Abstract
Key message
MfLEA3 is involved in protection of catalase activity and confers multiple abiotic stress tolerance.
Abstract
Late embryogenesis abundant (LEA) proteins are involved in plant growth, development and abiotic stress tolerance. A member of group 3 LEA proteins from Medicago sativa subsp. falcata (L.) Arcang, MfLEA3, was investigated in the study. MfLEA3 transcript was induced in response to cold, dehydration, and abscisic acid (ABA), while the cold-induced transcript of MfLEA3 was blocked by pretreatment with inhibitor of ABA synthesis. Constitutive expression of MfLEA3 led to enhanced tolerance to cold, drought, and high-light stress in transgenic tobacco plants. Compared to accumulated reactive oxygen species (ROS) in the wild-type in response to treatments with low temperature, drought, and high light, ROS were not accumulated in transgenic plants. Superoxide dismutase, catalase (CAT), and ascorbate-peroxidase activities were increased in all plants after treatments with the above stresses, while higher CAT activity was maintained in transgenic plants compared with wild-type.

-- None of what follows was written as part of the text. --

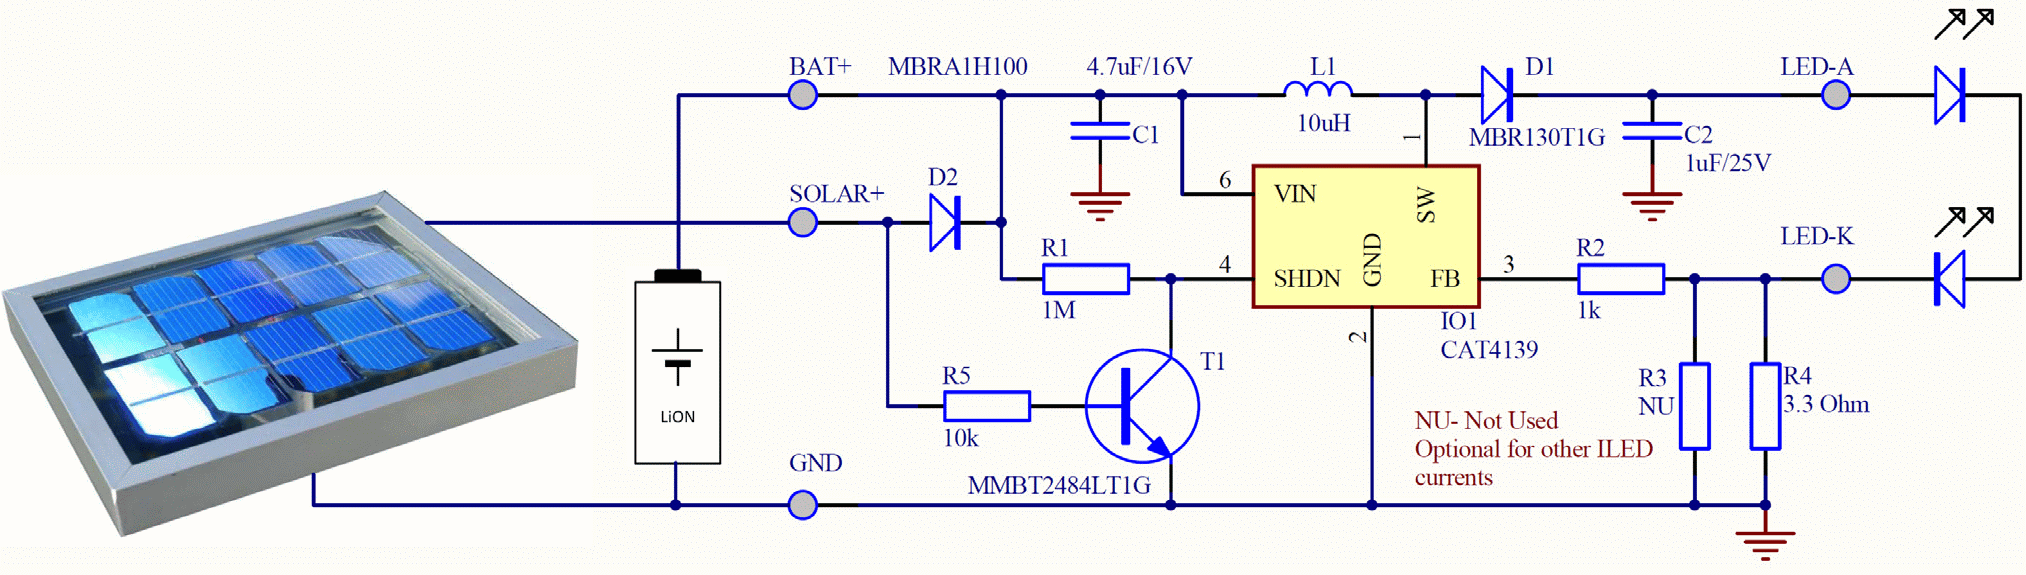 Solar LED circuit diagram

However, transcript level of CAT-encoding genes including CAT1, CAT2, and CAT3 showed no significant difference between transgenic plants and wild-type, indicating that the higher CAT activity was not associated with its gene expression. ABA sensitivity and transcripts of several ABA and stress-responsive genes showed no difference between transgenic plant and wild-type, indicating that ABA signaling was not affected by constitutive expression of MfLEA3. The results suggest that MfLEA3 may be involved in the protection of CAT activity and confers multiple abiotic stress tolerance.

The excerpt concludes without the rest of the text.